An old schoolmate who found me on Facebook passed on this 1962 photo of my first-grade class:
I can’t think my way back into the lost world that is preserved in this photograph–I can only see it in flashes–but I had no trouble spotting the child I was in 1962, shapeless and unformed yet well on the way to becoming recognizable. I already liked to read, and I was clumsy and hated sports. I recall myself as being shy, too, though the woman who sent me the picture says that she remembers me arguing fiercely with our teacher, a tough old bird by the name of Clura Hall. Mrs. Hall, it seems, disapproved of the fact that I wrote with my left hand and was determined to make me change my errant ways. I didn’t.
Other things remain unchanged as well. The school that I attended in 1962, Matthews Elementary, is still open for business. It’s one block north of 713 Hickory Drive, the house where I grew up and where my 79-year-old mother still lives. Most of the people in the photo are alive, and some of them can still be found in or near Smalltown, U.S.A., though I haven’t seen any of them for years.

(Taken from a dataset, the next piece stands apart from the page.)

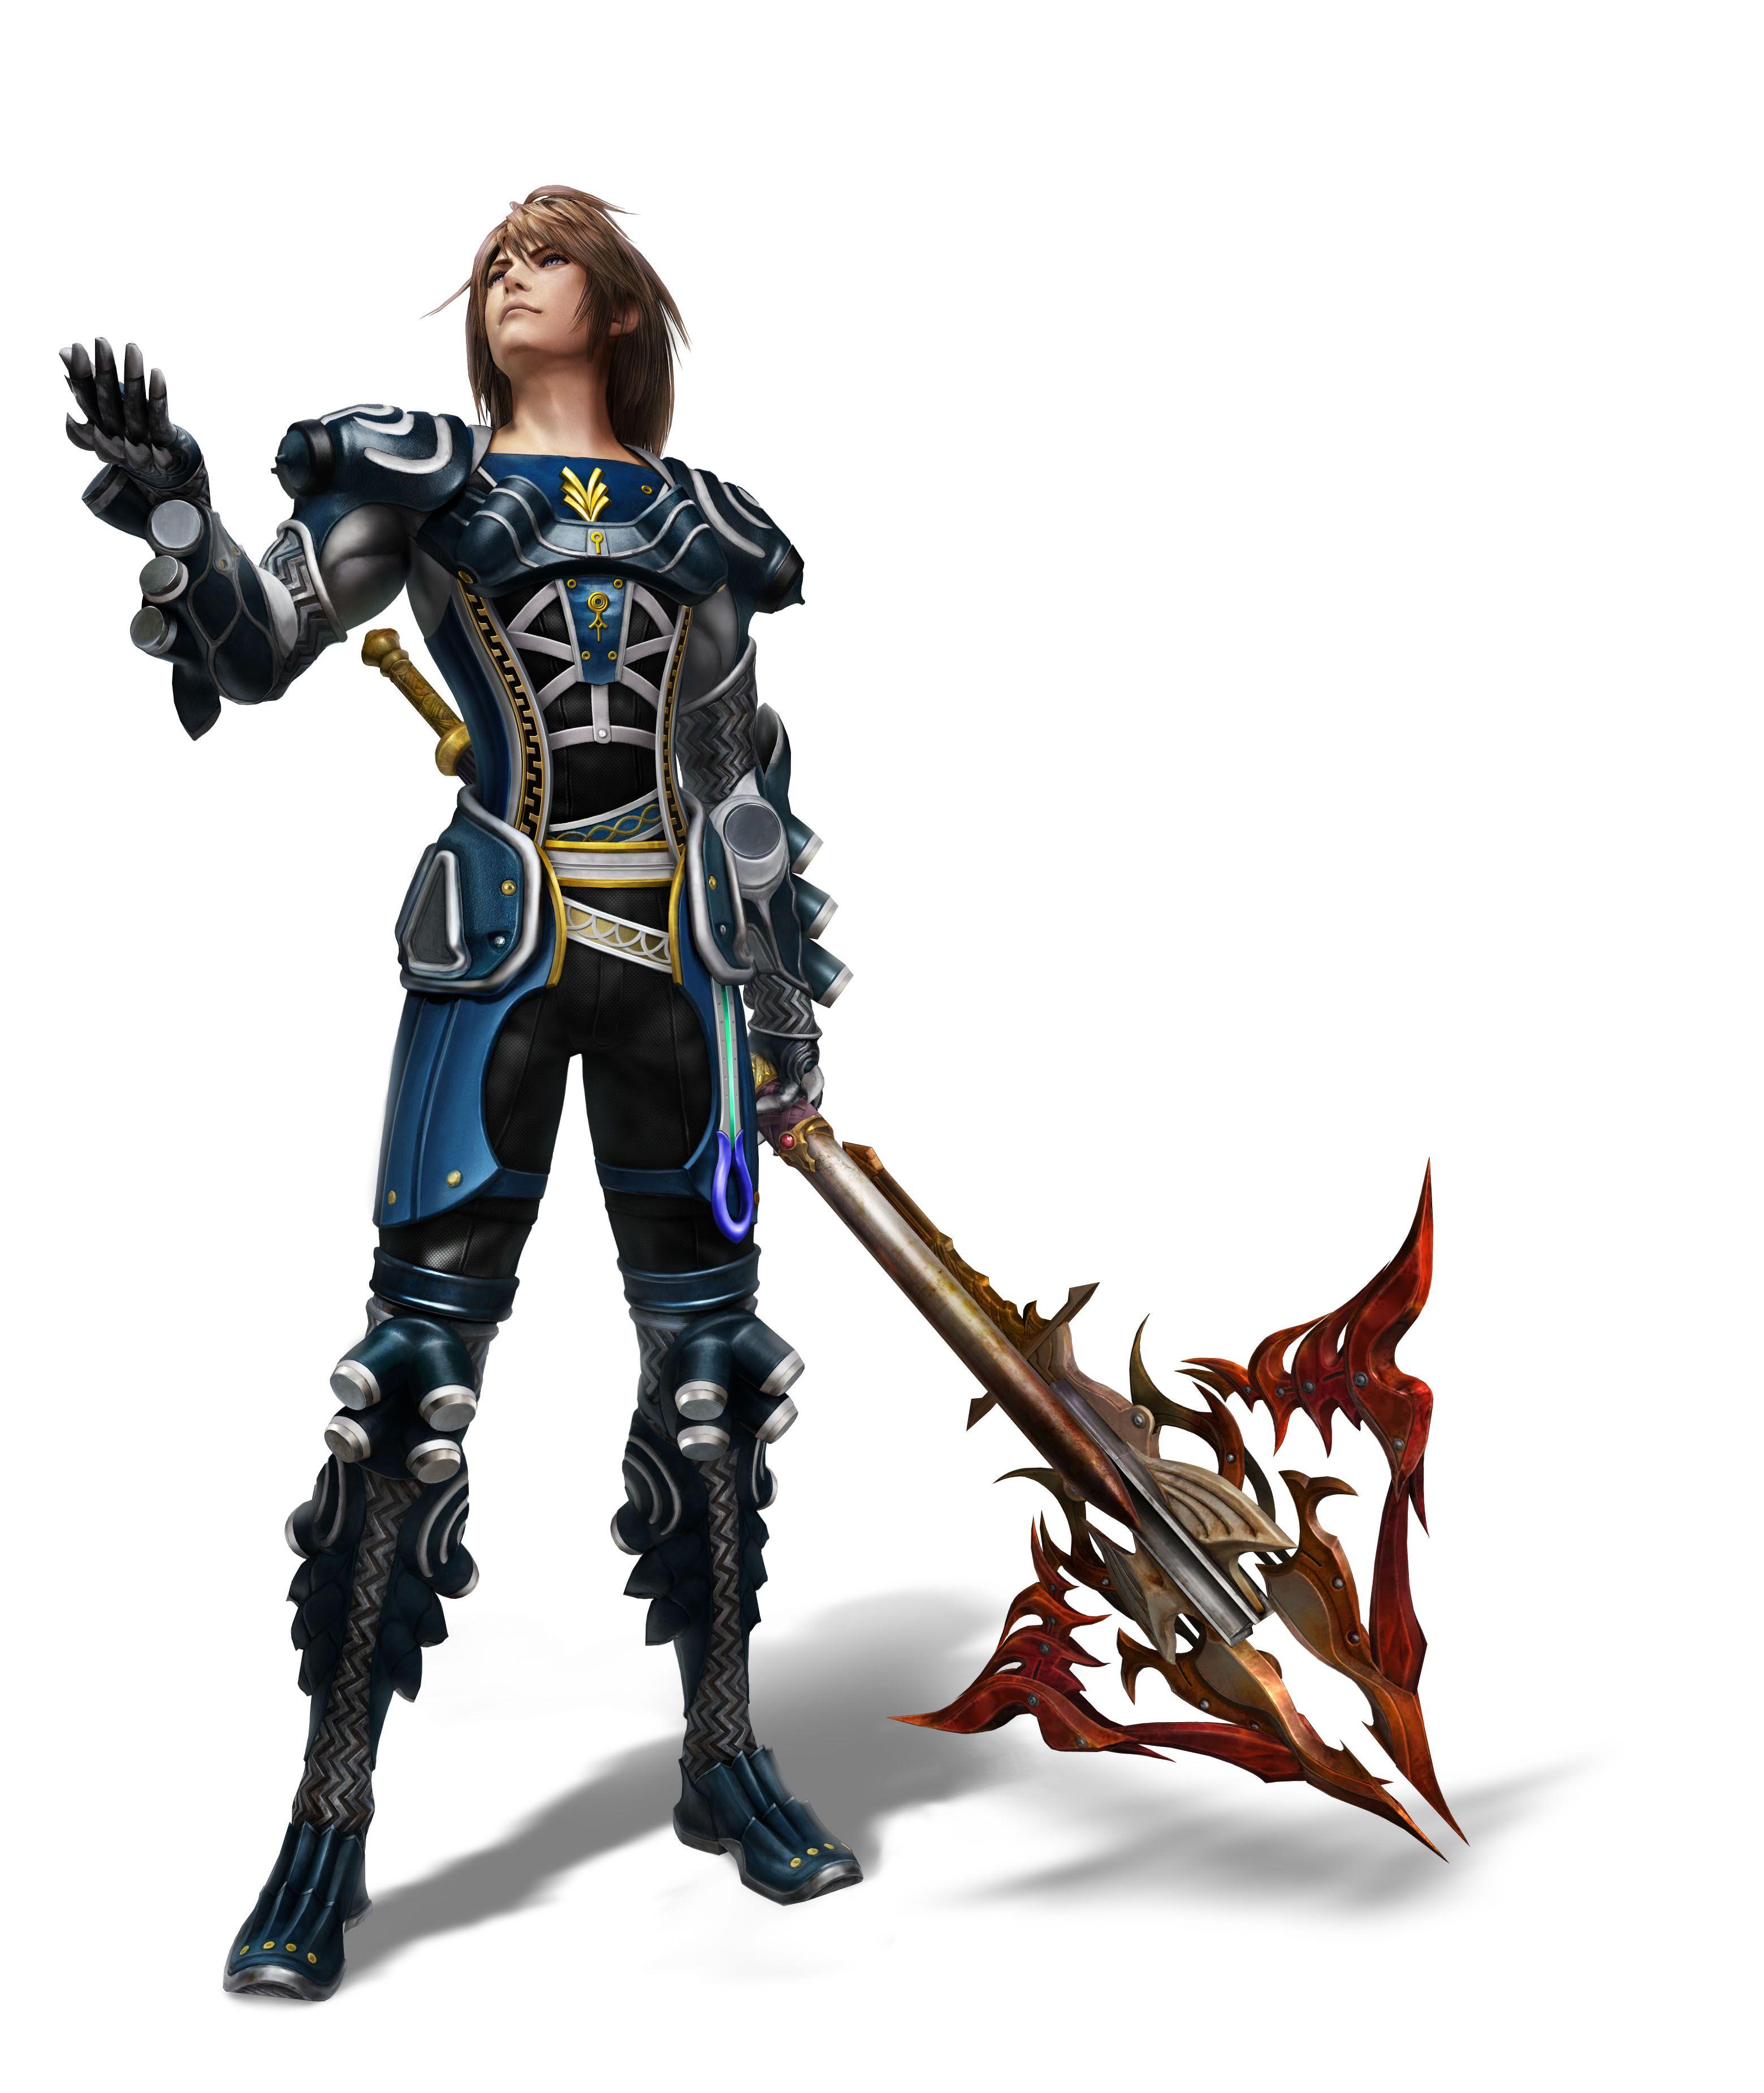 Final Fantasy Xiii Characters Final Fantasy XIII-2 A...
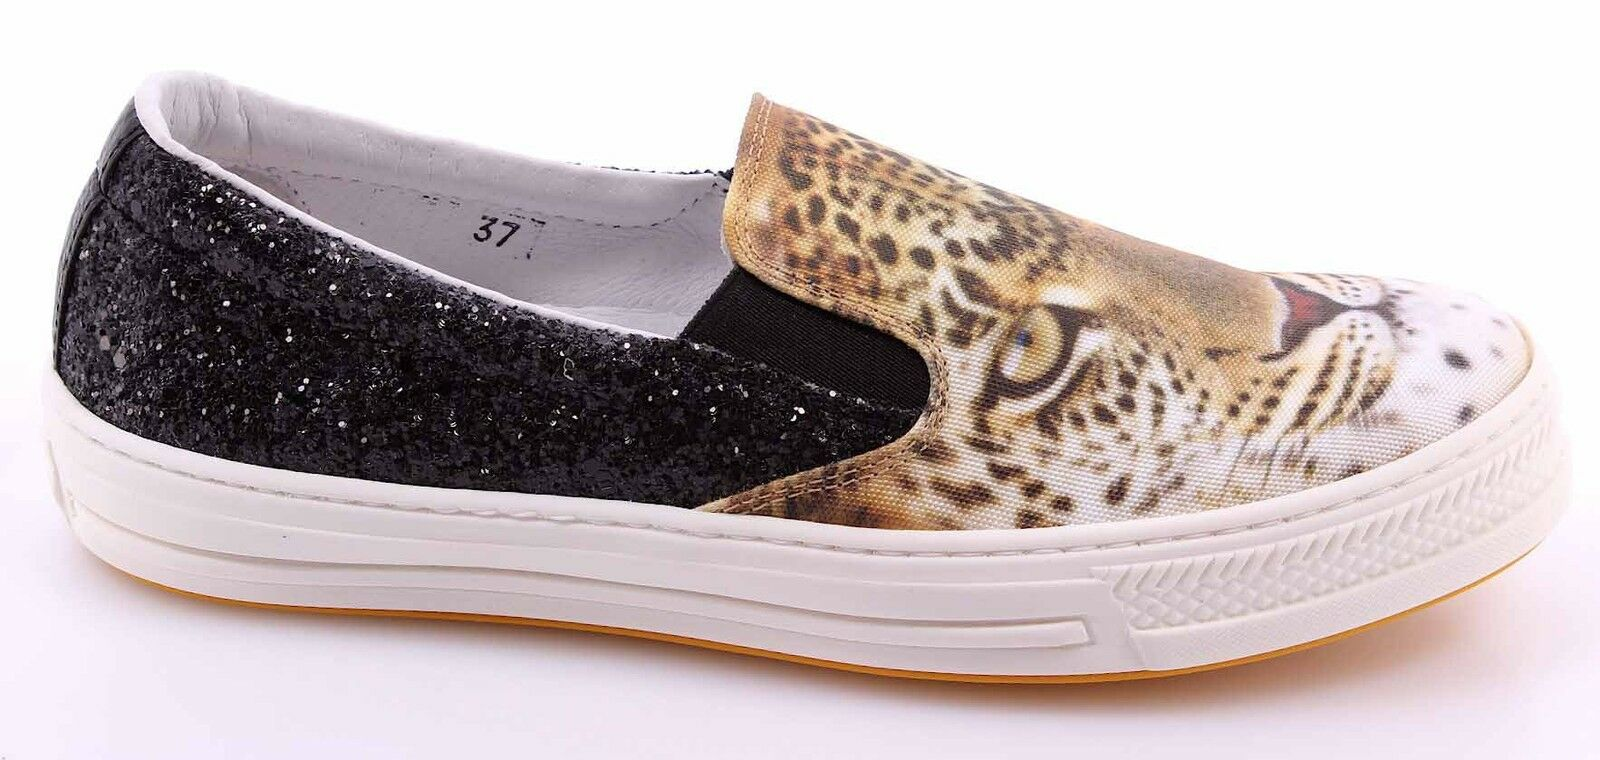 Damen Schuhe  Slip On Sneakers CHANGE  Schuhe Giaguaro Raso Bianco Glitter Nero Made IT 4f9b00

Are they changed utterly? Am I? What do I have in common with the boy on the front row? I’m still left-handed, brown-eyed, and clumsy. I still love to read–and I’m still shy, though I’ve learned to behave otherwise. But I moved away from Smalltown well over half a lifetime ago, and I left behind much of what I thought I was. First I wanted to be a fireman, then a concert violinist, then a schoolteacher. Never did I imagine myself living in New York, writing books, or becoming a drama critic. Nor would the boy in the picture have been able to grasp what it would mean to do any of those things.
If I could talk to him, what would I say–and would there be anything I could say that would make sense to him? Listen, Terry, your friends are going to start thinking that you’re strange, but don’t worry–you’ll grow up and move away from Smalltown and spend your life among people who think you’re perfectly normal. Somehow I doubt that would register.
A few months ago I posted an excerpt from “Walking Distance,” a 1959 episode of The Twilight Zone in which Gig Young trips over a crack in time, finds himself in the small town where he grew up, and runs into a little boy who turns out to be his younger self. He tries to do what I just imagined doing–and, needless to say, it doesn’t work. Small children know nothing of the future: they barely know the difference between today and tomorrow. What they see is what there is. Do I know better now? I wonder. Samuel Beckett said it: “We have time to grow old. The air is full of our cries. But habit is a great deadener. At me too someone is looking, of me too someone is saying, He is sleeping, he knows nothing, let him sleep on.”
Have I awakened at last from my youthful dream of the eternal present, forty-seven years after my first class photo was taken, the one at which I now look with bemusement? Am I seizing the day? Or is someone else looking at me and shaking his head at my continuing obliviousness to the speed with which the hands race round the clock?